MONTRÉAL - Dans la mi-vingtaine, lorsque tu débordes d’ambition et que tu souhaites devenir le meilleur coordonnateur défensif de l’histoire du football, un poste de recruteur, au cœur des prairies canadiennes, avec les Roughriders de la Saskatchewan, ça n’a rien de trop sexy. C’est pourtant ce chemin qui a mené Thomas Dimitroff au poste de directeur général des Falcons d’Atlanta. 

Ça se passait en 1990, Dimitroff était un jeune bachelier en Arts de l’Université Guelph en Ontario. Ayant baigné dans le football depuis son enfance, la tentation de cet univers était trop forte et il a obtenu son premier emploi comme dépisteur pour une équipe professionnel avec les Riders. 

Communicateur très habile, Dimitroff choisit à la perfection les mots pour décrire ce passage dans son curriculum vitae. 

« J’ai été immiscé à la LCF depuis quand j’étais tout petit grâce à mon père qui était entraîneur.
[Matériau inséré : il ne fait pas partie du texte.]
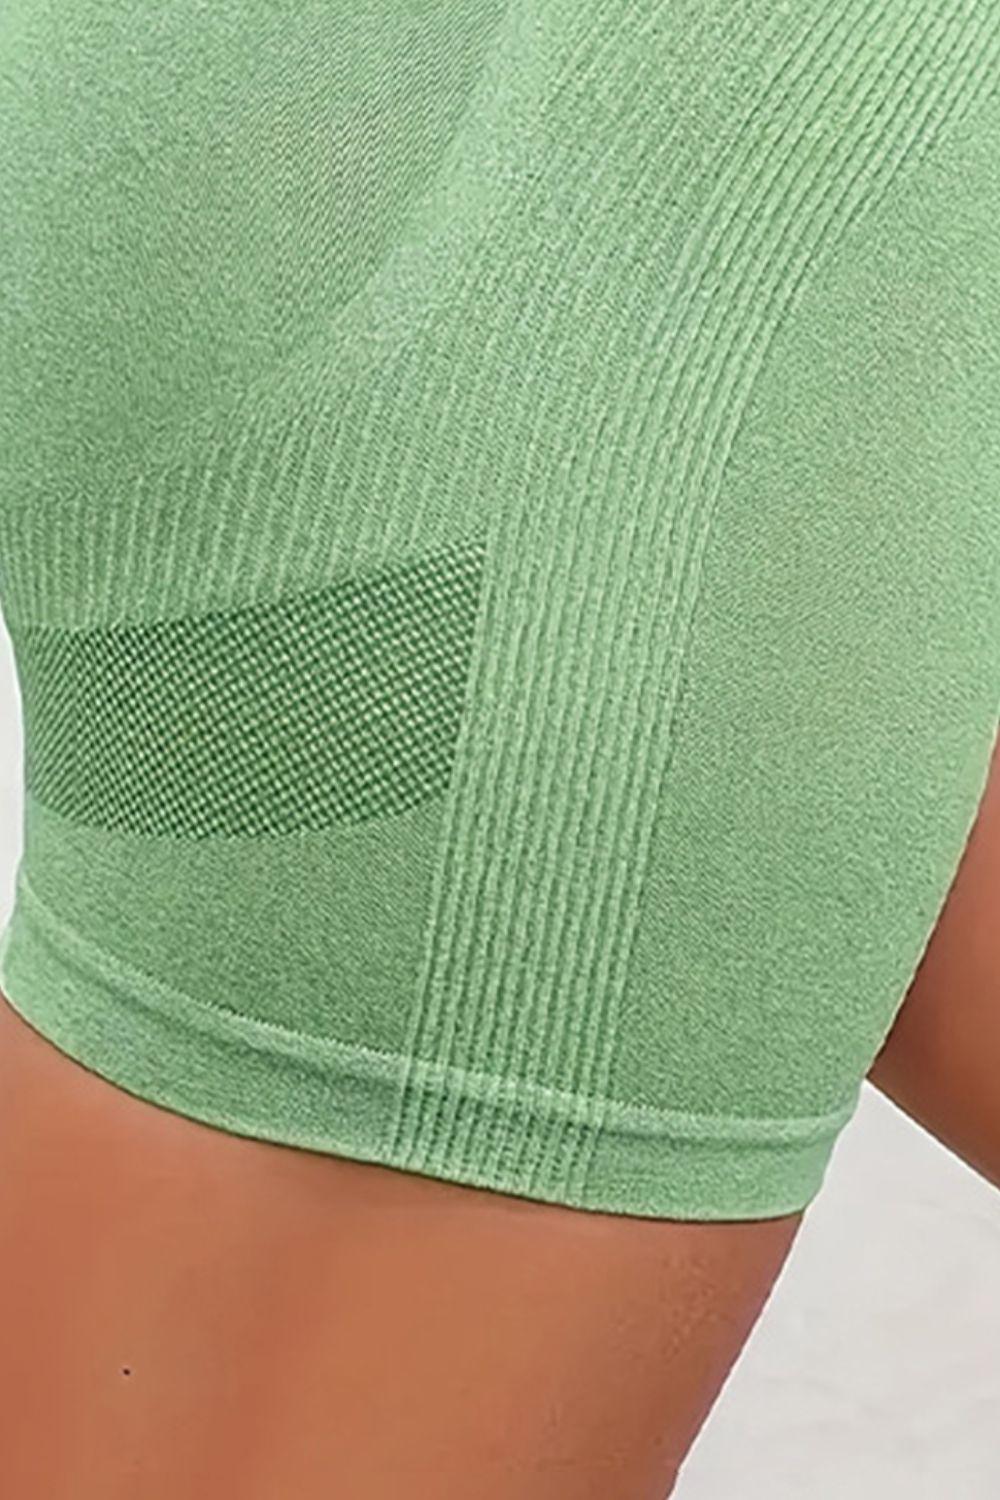 a close up of a woman's butt wearing a green sports bra

On a passé quelques années à Hamilton et Ottawa. Quand j’ai eu le poste avec les Riders, je me souviens d’un livre Who Has Seen the Wind (sur les rigueurs de la vie à cet endroit) que je l’avais lu et je m’étais dit ‘Ouf’. Ce n’était pas toujours facile et j’ai travaillé très fort sans compter les heures. C’était très différent comme contexte. Mais je retiens avant tout la chance d’avoir pu travailler dans un environnement si passionné, je parle des partisans », a témoigné, au RDS.ca, Dimitroff qui se tient aussi loin que possible des clichés dans ses réponses. 

« Je considère, a posteriori, avoir conservé des leçons de cette expérience. Je pense surtout à comment bâtir une équipe et une organisation, ça m’a donné un parcours plus riche pour faire le saut dans la NFL », a ajouté le dirigeant qui était arrivé alors que les Riders venaient de remporter la coupe Grey en 1989. 

Aussi passionné qu’il pouvait l’être, il ne s’imaginait pas accéder, 18 ans plus tard, à un rôle de directeur général dans la NFL. Il se voyait plutôt suivre les traces de son paternel, Tom, qui a été entraîneur de 1969 à 1986 avant de bifurquer vers le recrutement. 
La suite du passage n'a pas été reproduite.